Transferring a business or assets to a child provides major tax relief, advise experts

Put your house in order: if you are over 55 it’s a good time to think about structuring your financial affairs
Put your house in order: if you are over 55 it’s a good time to think about structuring your financial affairs

If you are over 55 and haven’t thought about how to structure your financial affairs so your investments will provide you with an income in retirement and also about how to pass on your businesses or assets tax-efficiently to the next generation, now is the time to put your house in order.

You may be concerned that, in a stubbornly low interest-rate environment (not to mention the current market turmoil), traditional low-risk asset classes such as cash and bonds are performing poorly.
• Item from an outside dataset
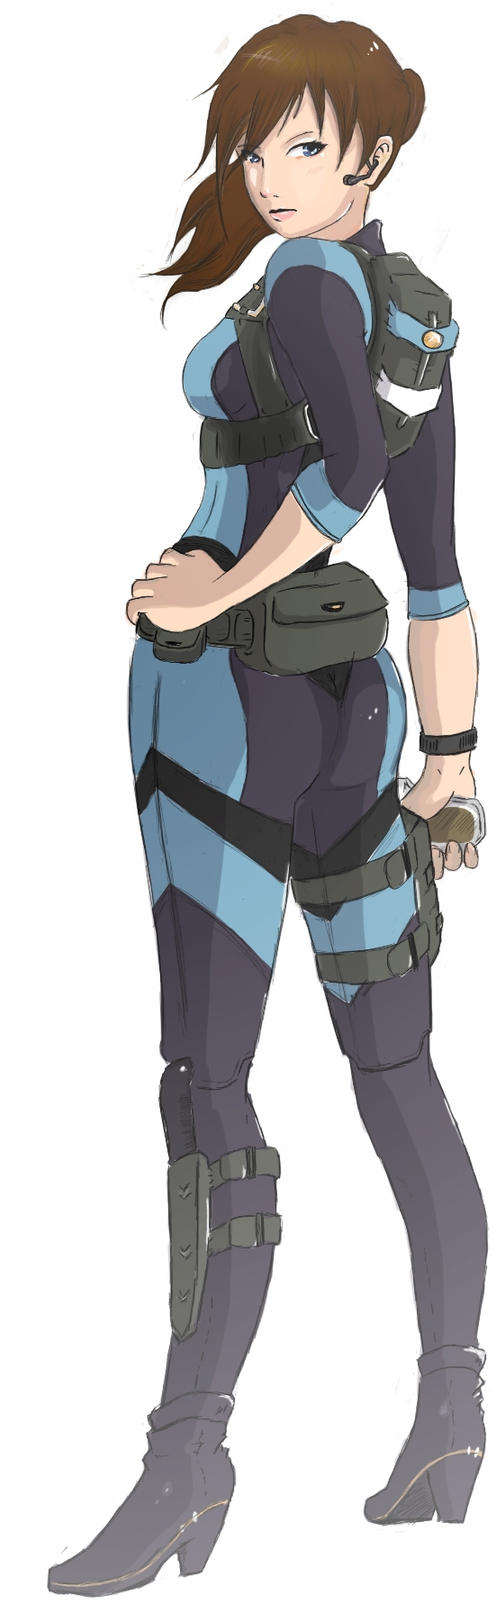 Jill Valentine of Resident evil Revelations by x-Marjou-x
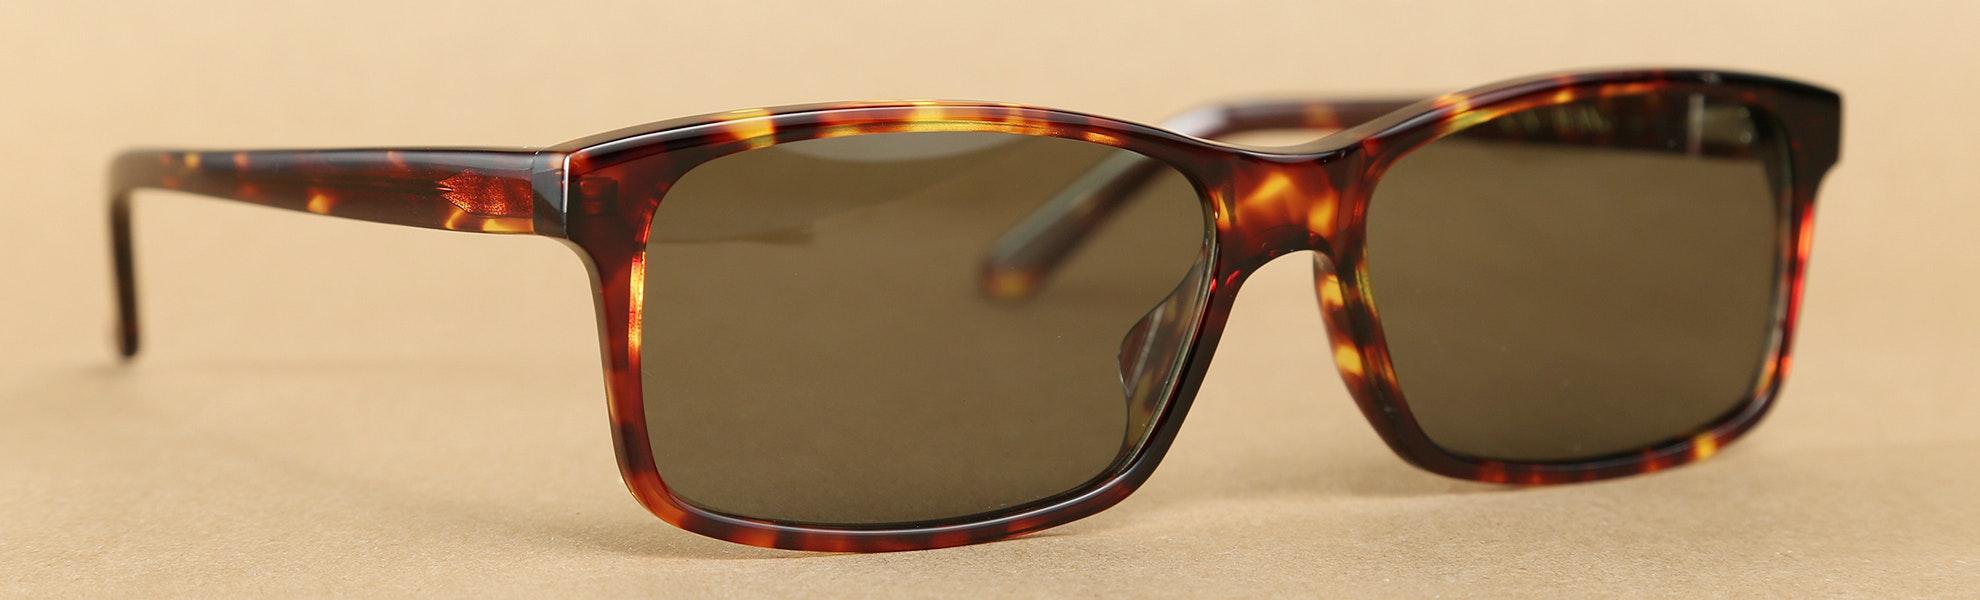 Kent Wang Fleming Sunglasses

Many financial advisers say that finding a way to structure your assets and investments so they will provide an income without affecting your capital will be difficult unless you are prepared to take a few risks.

Brian Walsh, head of financial planning at Davy, agrees that achieving this is very difficult because of low rates, bonds that are over-priced and other external factors like quantitative easing, which means many clients may be tempted to throw their money into higher-risk assets that would get a better return but also put their capital at risk.

There is a safer strategy that he says has been proven to work over a longer term, which is to assess your total income, your total expenditure and any deficit you are trying to meet, and then look at any asset that can be invested to meet that deficit.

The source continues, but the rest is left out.